Written for the following prompt on [livejournal.com profile] comment_fic: "he wasn’t born with the name Eames or anything like it – but he named himself for his soulmark, which read Go to sleep, Mr. Eames".

Title: In A Name
Rating: PG-13
Fandom: Inception (2010)
Characters/Pairings: Eames, Arthur, Eames/Arthur
Summary: Eames chose his name for the words written on his wrist, chose to be the man his soulmate would know him as. It wasn't quite the lie it sounds, though
Wordcount: 2406
Warnings/Notes: AU, soulmates, soulmarks, dreams, identity issues, truth & lies, friendship/love.

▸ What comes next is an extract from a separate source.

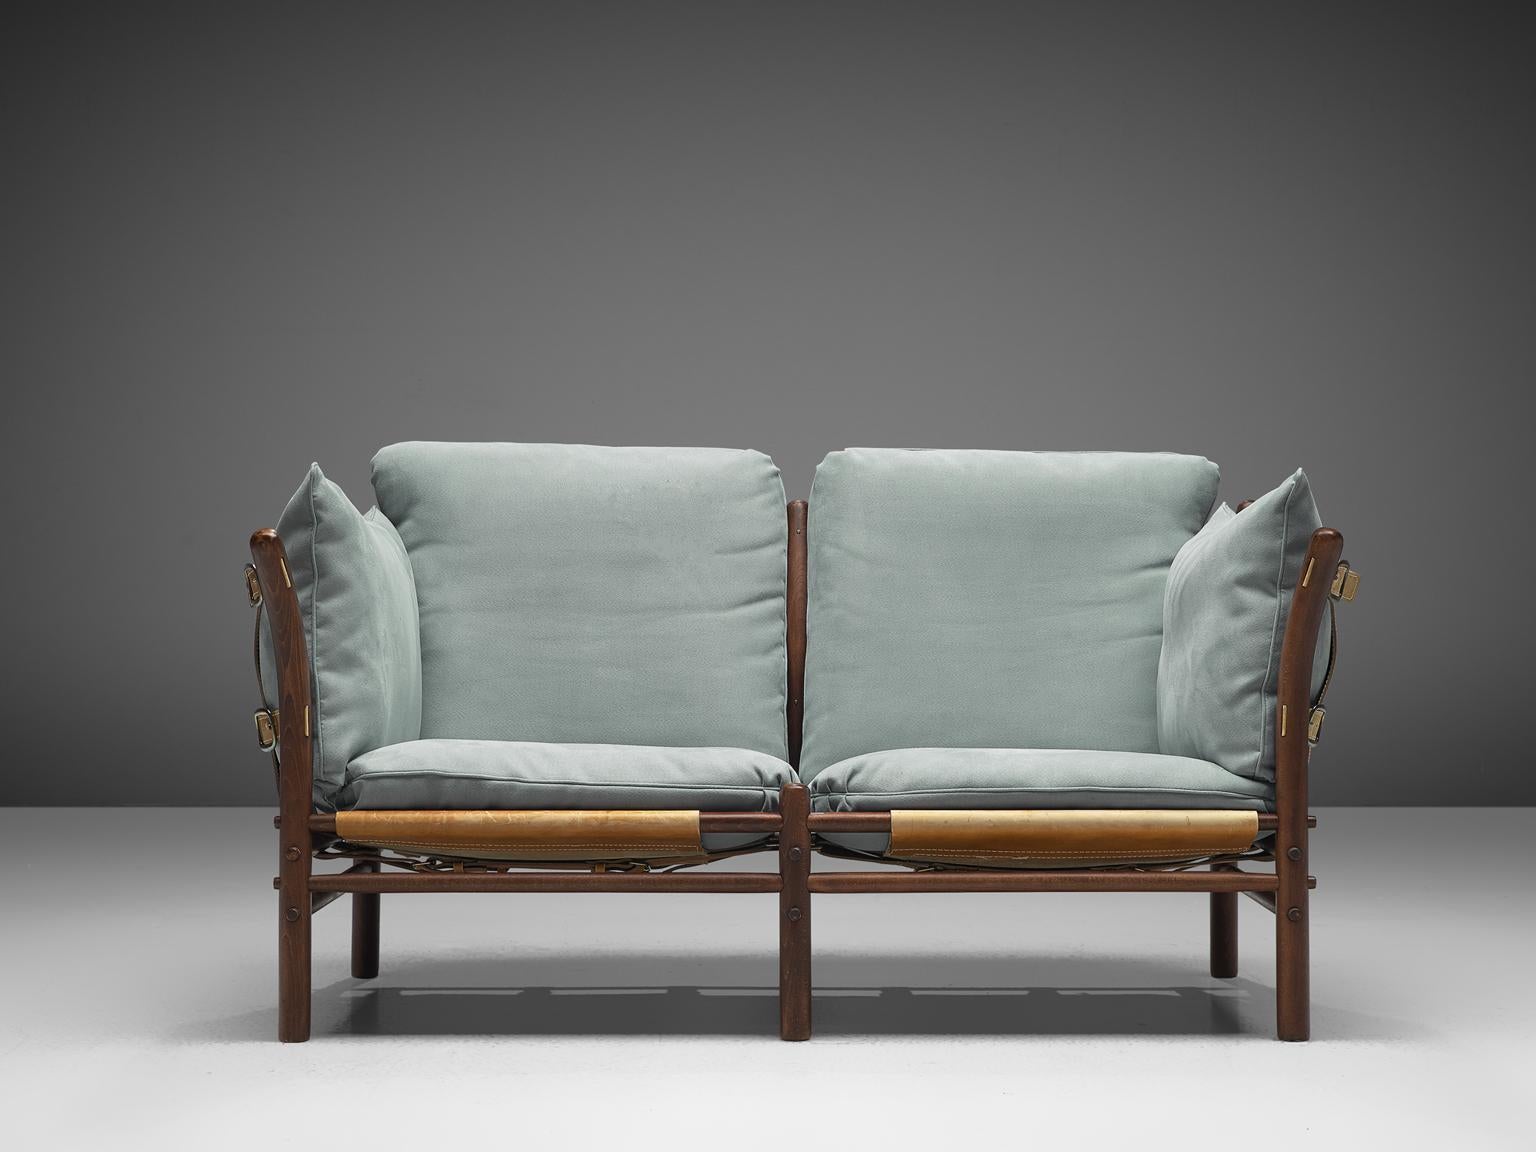 Arne Norell for Norell Möbel, two-seat 'Ilona' sofa, buffalo leather, fabric and beech, Sweden, 1970s.

Swedish two-seat sofa designed by Arne Norell in the 1970s. The wooden frame in stained beech is characterized by the circular diameters of the

Also, warnings for discussion of guns, open relationships, and Eames & Arthur being Eames & Arthur
Disclaimer: Not mine

In A Name

Arthur was laying out his armoury. Real guns, in the real world. He'd no intention of using them, at least not any time soon, but he liked to relearn them every so often. He was a surprisingly tactile man, was Arthur. His imagination ran on weight and heft and texture, the feel of component parts beneath his hands, ready to be dreamed into something better. He liked things to be as understood, as rational, as possible. It had a tendency to make him somewhat staid in places, but very good at his job.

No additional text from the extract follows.